*** Opening SUPPLIED DATA ***
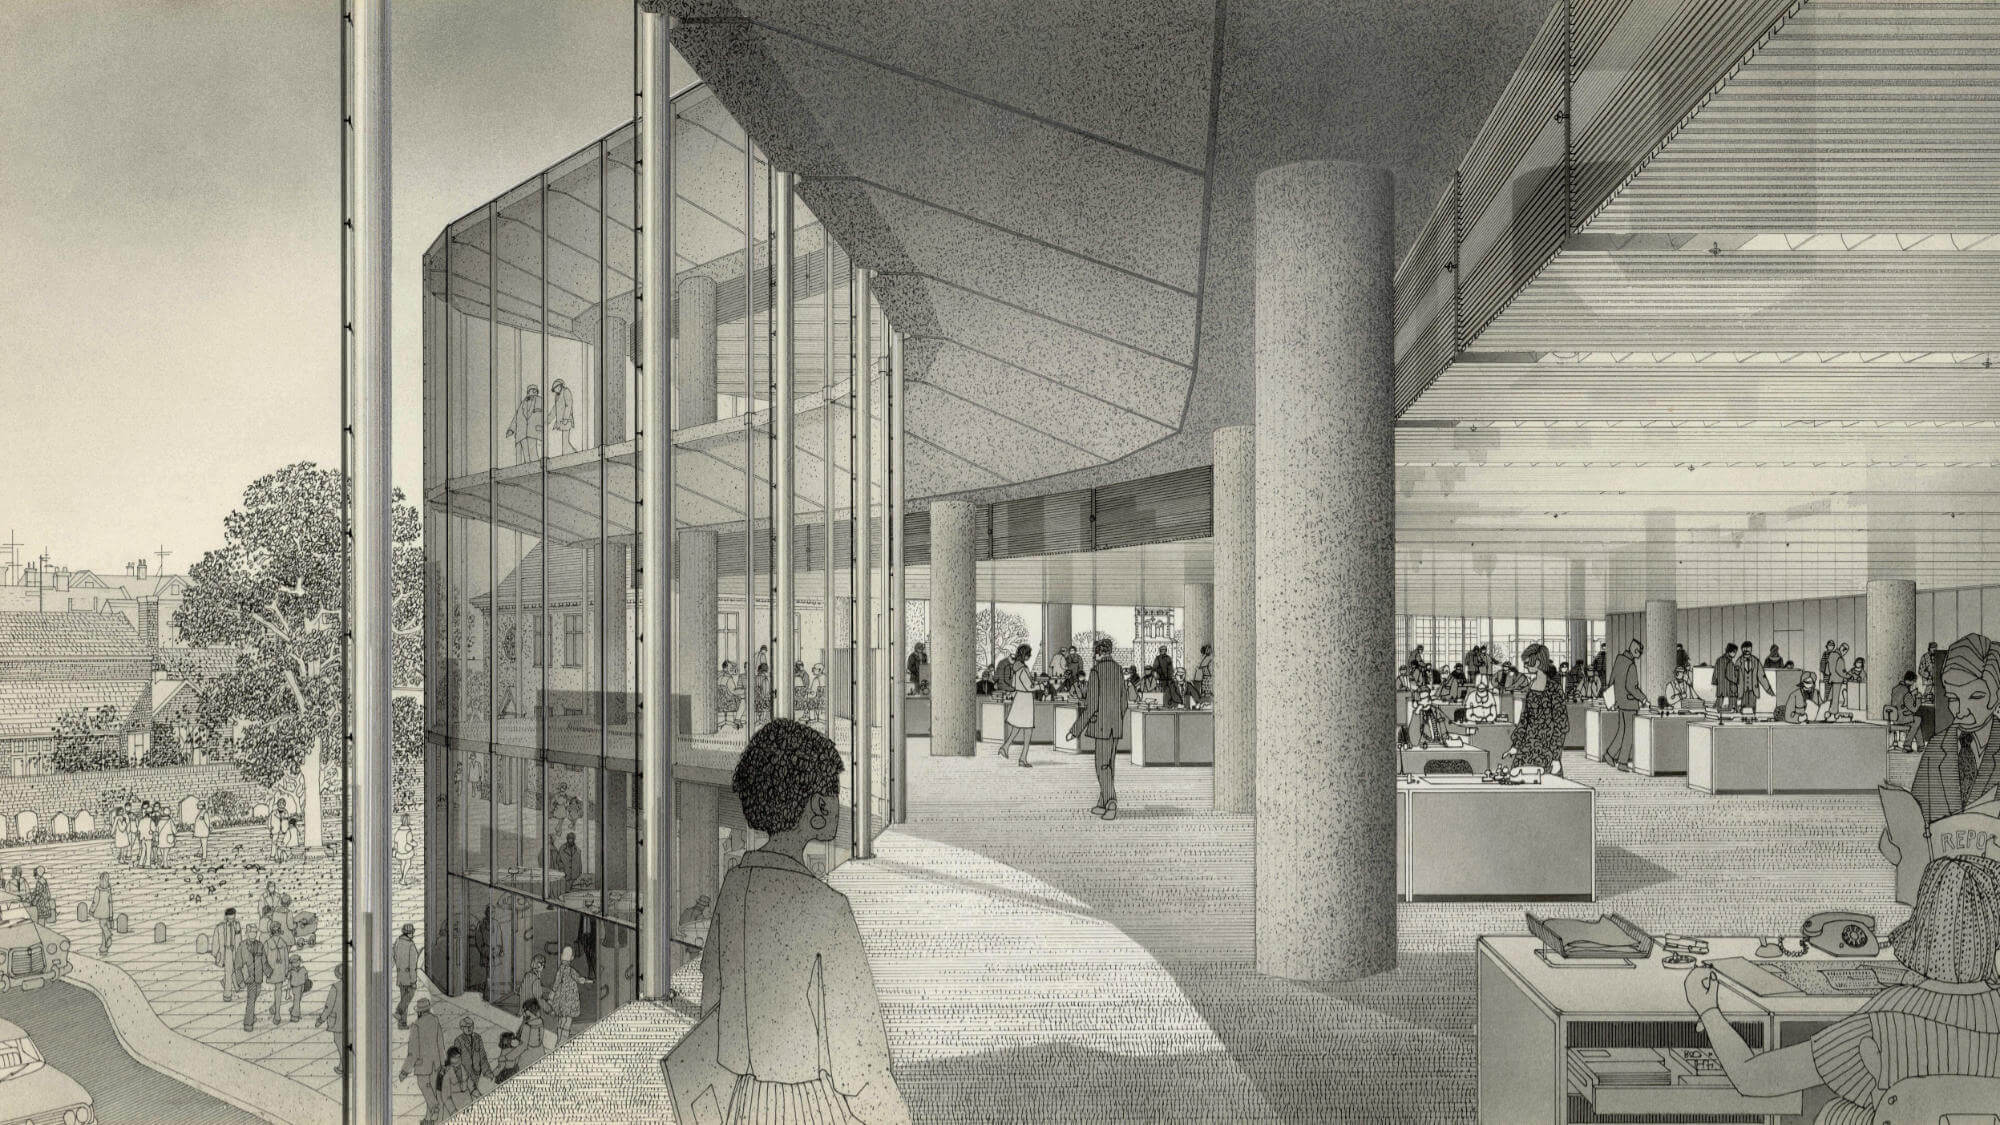 Architekturzeichnung Großraumbüro mit Glasfassade
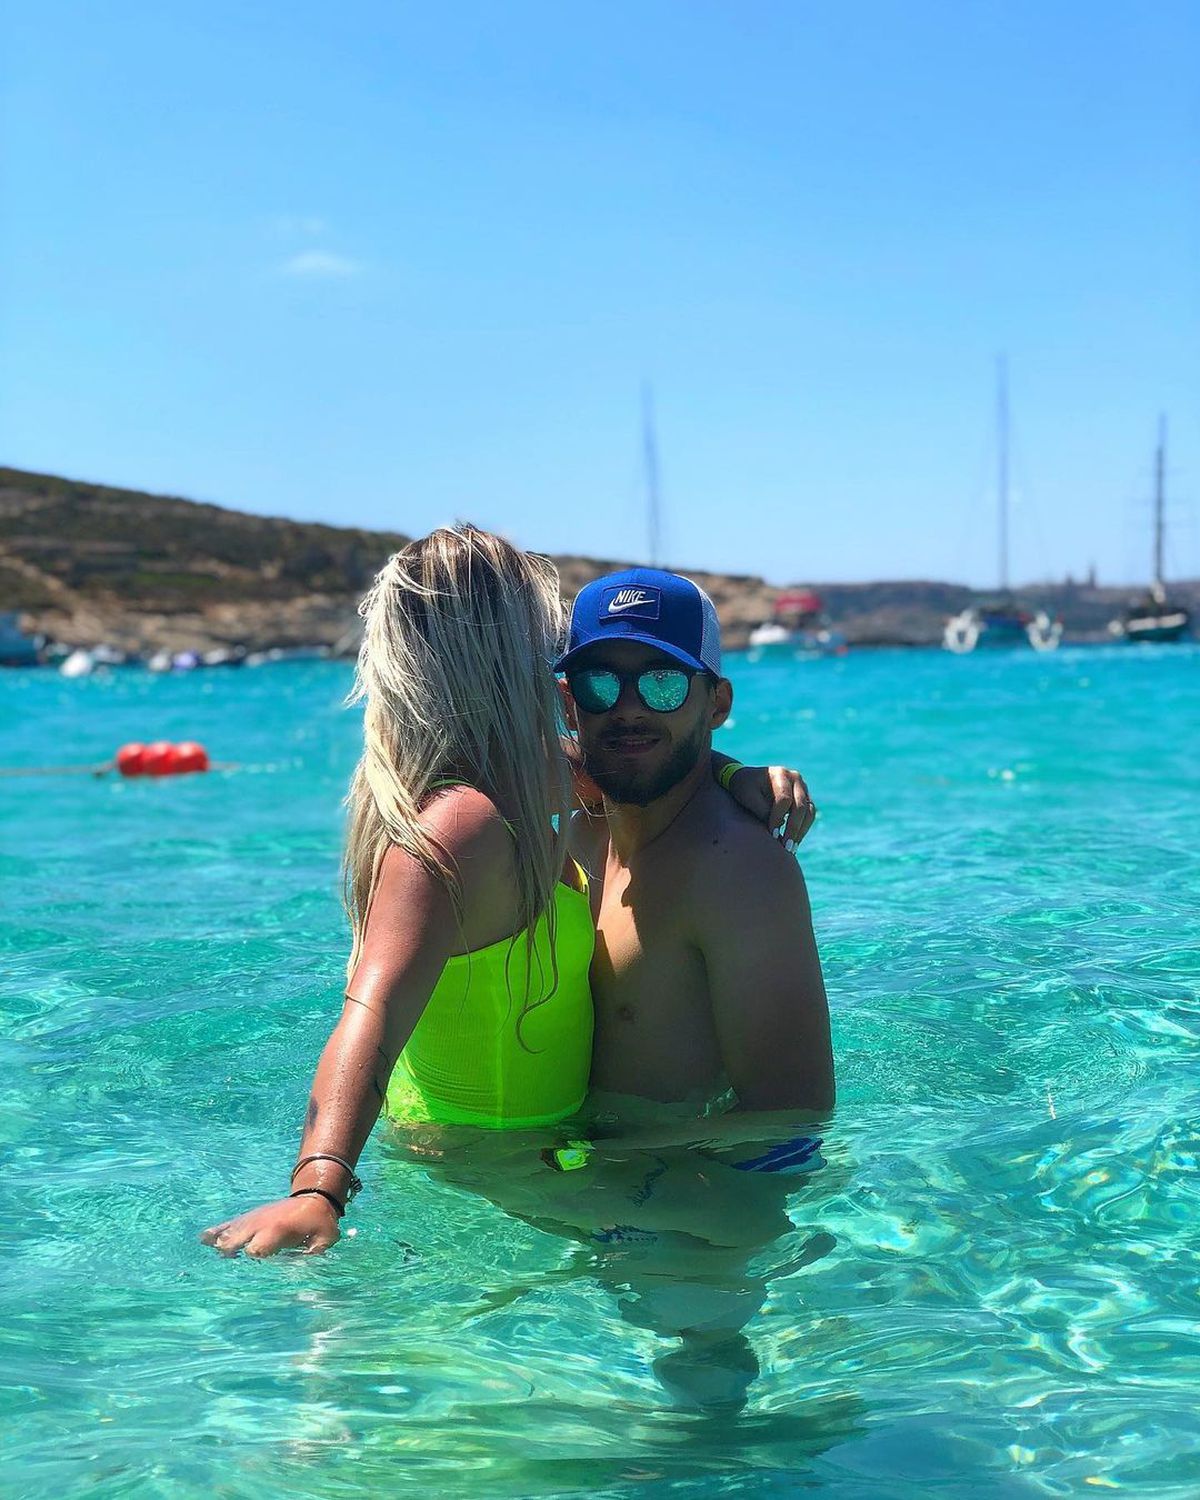 FOTO Soția unui fotbalist din Liga 1 face senzație pe Instagram! Fotografii provocatoare din vacanță
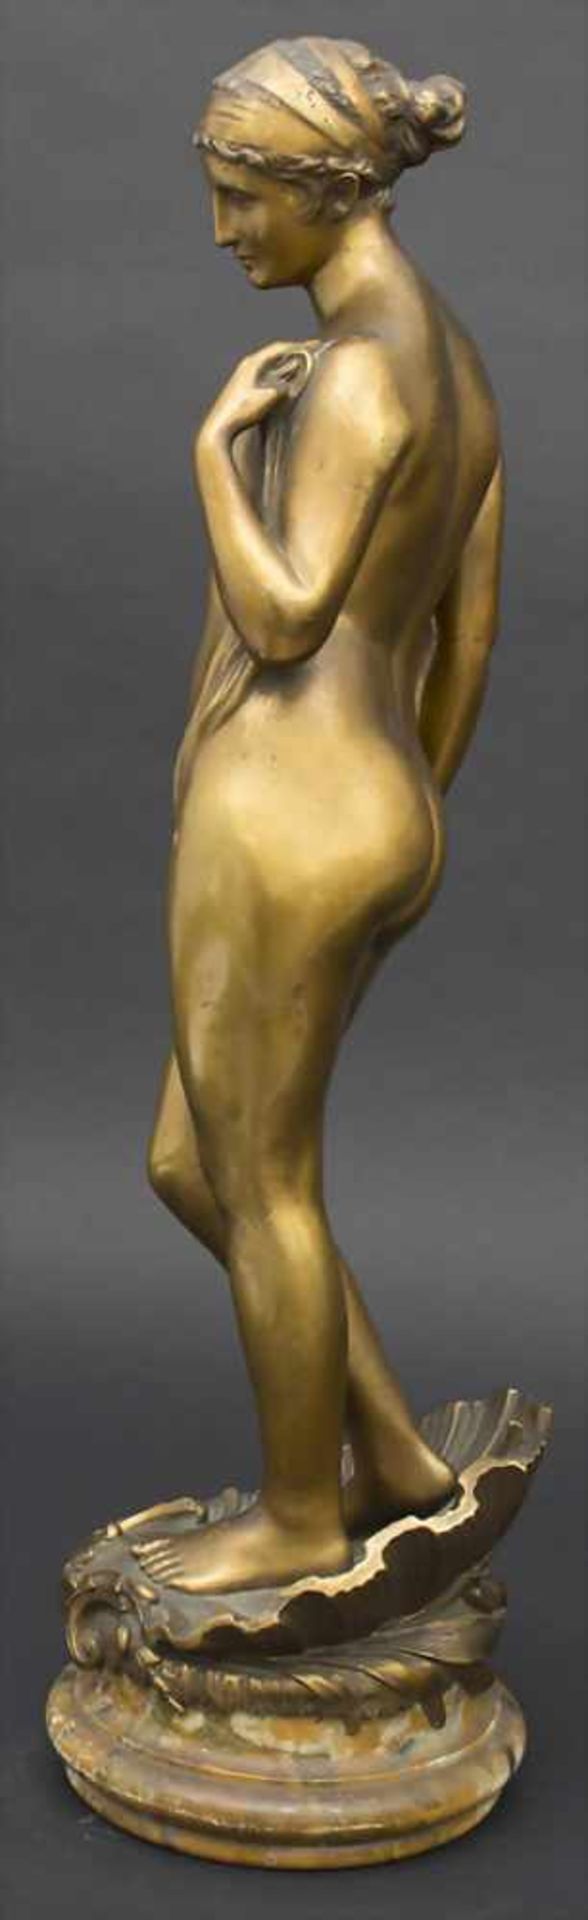 Marcel Rau 1886-1966, Die Geburt der Venus / The birth of Venus, Marcel Rau, 1917Material: Bronze, - Image 4 of 8
*** Closing SUPPLIED DATA ***
WORK ITEM
Once the pictures are set aside, output the whole listing exactly.

COMPLETED EXERCISE
 Architekturzeichnung Großraumbüro mit Glasfassade
 FOTO Soția unui fotbalist din Liga 1 face senzație pe Instagram! Fotografii provocatoare din vacanță
 Marcel Rau 1886-1966, Die Geburt der Venus / The birth of Venus, Marcel Rau, 1917Material: Bronze, - Image 4 of 8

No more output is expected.